Estas detenções deram origem a uma onda de solidariedade nacional e internacional que ofuscou todas as celebrações dos sucessos do governo de José Eduardo dos Santos. Os jovens ascenderam a heróis e o presidente foi pela primeira vez visto como vilão. Um dos jovens detidos, o rapper Luaty Beirão, que tem dupla nacionalidade, angolana e portuguesa, levou a cabo uma greve de fome de 36 dias, como forma de protesto contra as detenções ilegais. Em Portugal, Luaty tornou-se o símbolo unificado das lutas portuguesa e angolana contra os abusos do regime do MPLA e os seus apoiantes em Portugal. «Liberdade Já» tornou-se, também em Portugal, palavra de ordem da sociedade civil. Os líderes do MPLA responderam com uma campanha de propaganda direccionada aos públicos angolano e português.

Participei recentemente num debate televisivo com o ex-ministro dos Negócios Estrangeiros de Portugal, António Martins da Cruz, consultor contratado pelo regime do MPLA. Martins da Cruz defendeu que assuntos relativos aos direitos humanos apenas poderiam ser discutidos no Conselho dos Direitos Humanos das Nações Unidas. Com base nestes seus argumentos e através de um ardiloso trabalho de montagem e edição de imagens, os media estatais angolanos apresentaram o debate como uma grande vitória do regime.

Entretanto, José Eduardo dos Santos enviou a Portugal o seu recentemente indigitado  chefe de propaganda internacional, o embaixador-itinerante António Luvualu de Carvalho, para entregar a mensagem de que qualquer desafio à autoridade do presidente angolano seria considerado uma ameaça de guerra. Luvualu de Carvalho sustentou que os 15 jovens activistas estavam a planear «que a Organização do Tratado do Atlântico Norte (NATO) ou alguns países que dela fazem parte fizessem um ataque a Angola, para que se verifique o horror que se verifica agora na Líbia ou se verificou e verifica na Tunísia». A comparação é surpreendente, dado que o quarteto de diálogo nacional da Tunísia venceu o Prémio Nobel da Paz 2015 por assegurar uma transição pacífica e bem-sucedida. 

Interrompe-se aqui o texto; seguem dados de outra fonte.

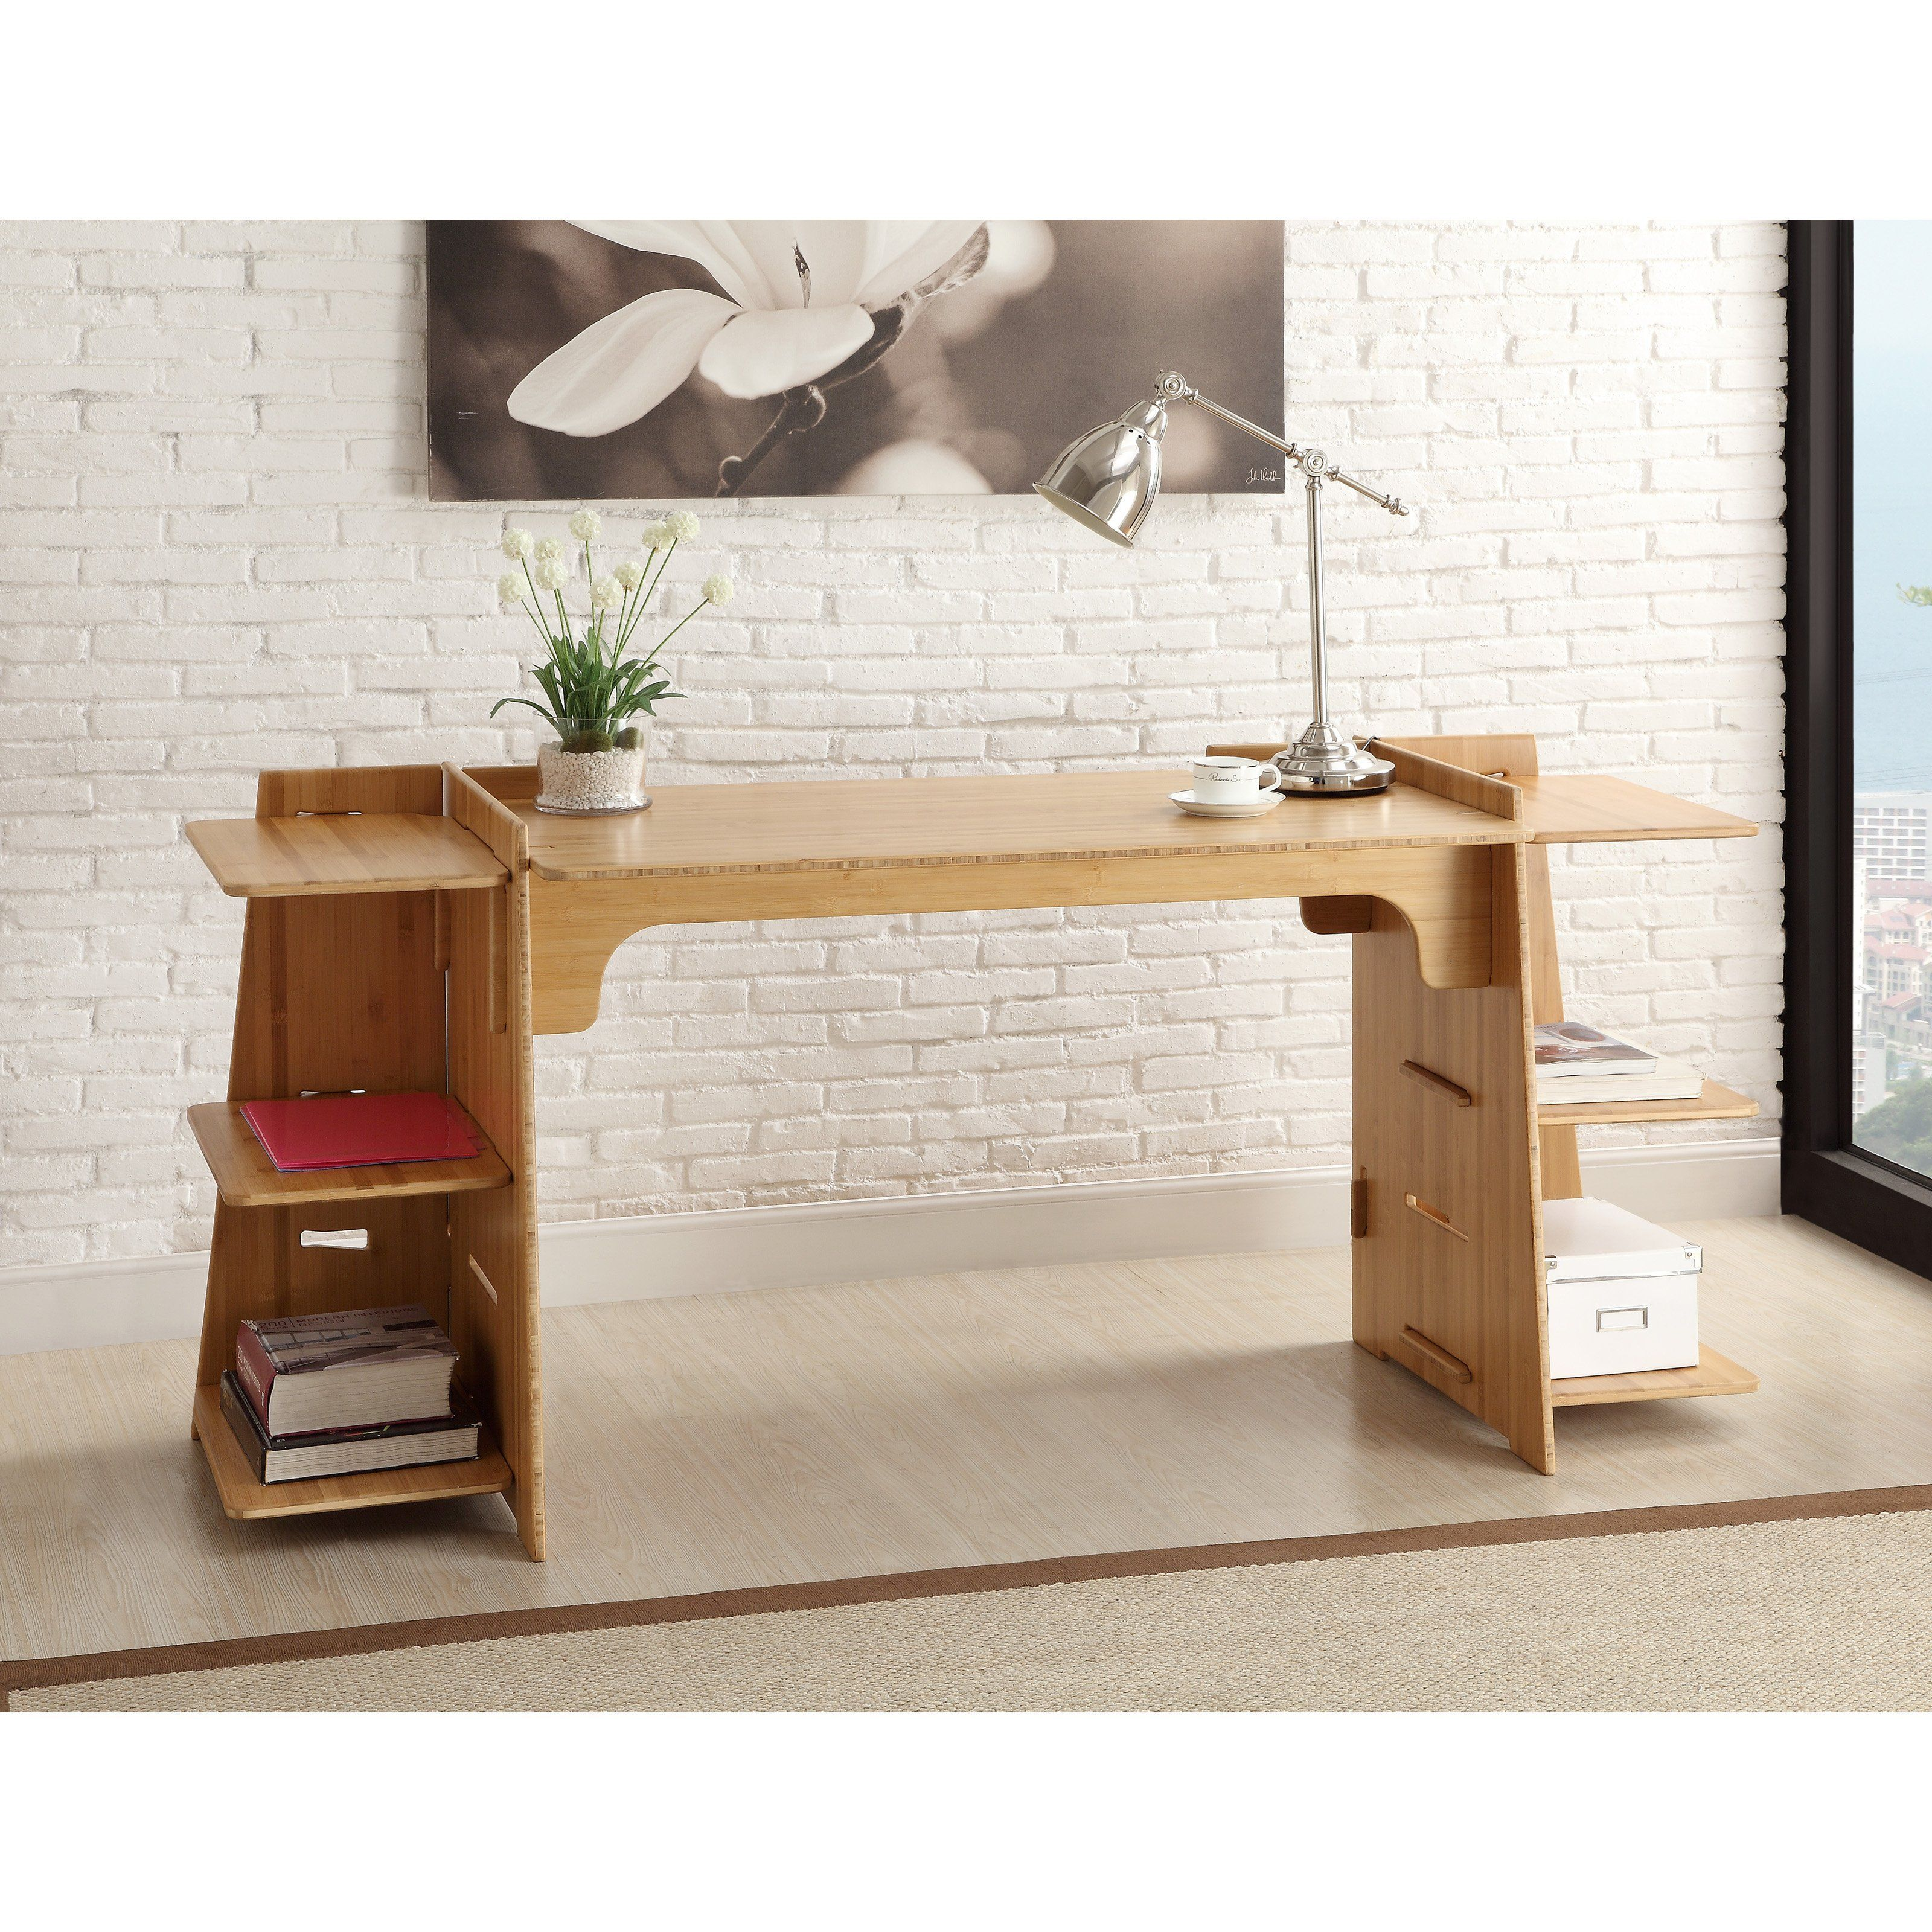 office desk designer. Furniture-graphic-designer-desk-interior-office -furniture-lshaped-glass-amuzing-desk -wooden-laptop-with-marvellous-chic-metal-reading-images-designs-office- Office Desk Designer

Recentemente, Luvualu tentou descredibilizar os argumentos do reconhecido escritor José Eduardo Agualusa, com base na sua dupla nacionalidade angolana e portuguesa. Agualusa tem-se destacado como embaixador das causas da liberdade de expressão e respeito pelos direitos humanos em Angola. Os comentários de Luvualu são no mínimo estranhos, tendo em conta o número elevado de governantes angolanos com dupla nacionalidade.

A propaganda fabricada pelo MPLA continua a criticar Portugal por permitir que os seus meios de comunicação e a sociedade civil tomem posição a favor da liberdade de expressão e do respeito pelos direitos humanos em Angola, sugerindo que esta postura revela uma atitude colonialista por parte de Lisboa.

No entanto, a atitude colonialista parece estar mais enraizada no regime do MPLA do que na população portuguesa. Portugal continua a funcionar como um espelho para a elite angolana, o que impossibilita os angolanos de forjarem um país à sua própria imagem. Angola está presa a uma independência em que a elite no poder ainda clama a aceitação portuguesa, numa perspectiva de assimilação colonial.

Em resultado de tudo isto, as promessas da independência não foram cumpridas. «Liberdade Já» é o primeiro passo a dar no sentido de as fazer cumprir agora.

*Artigo original publicado no The Guardian.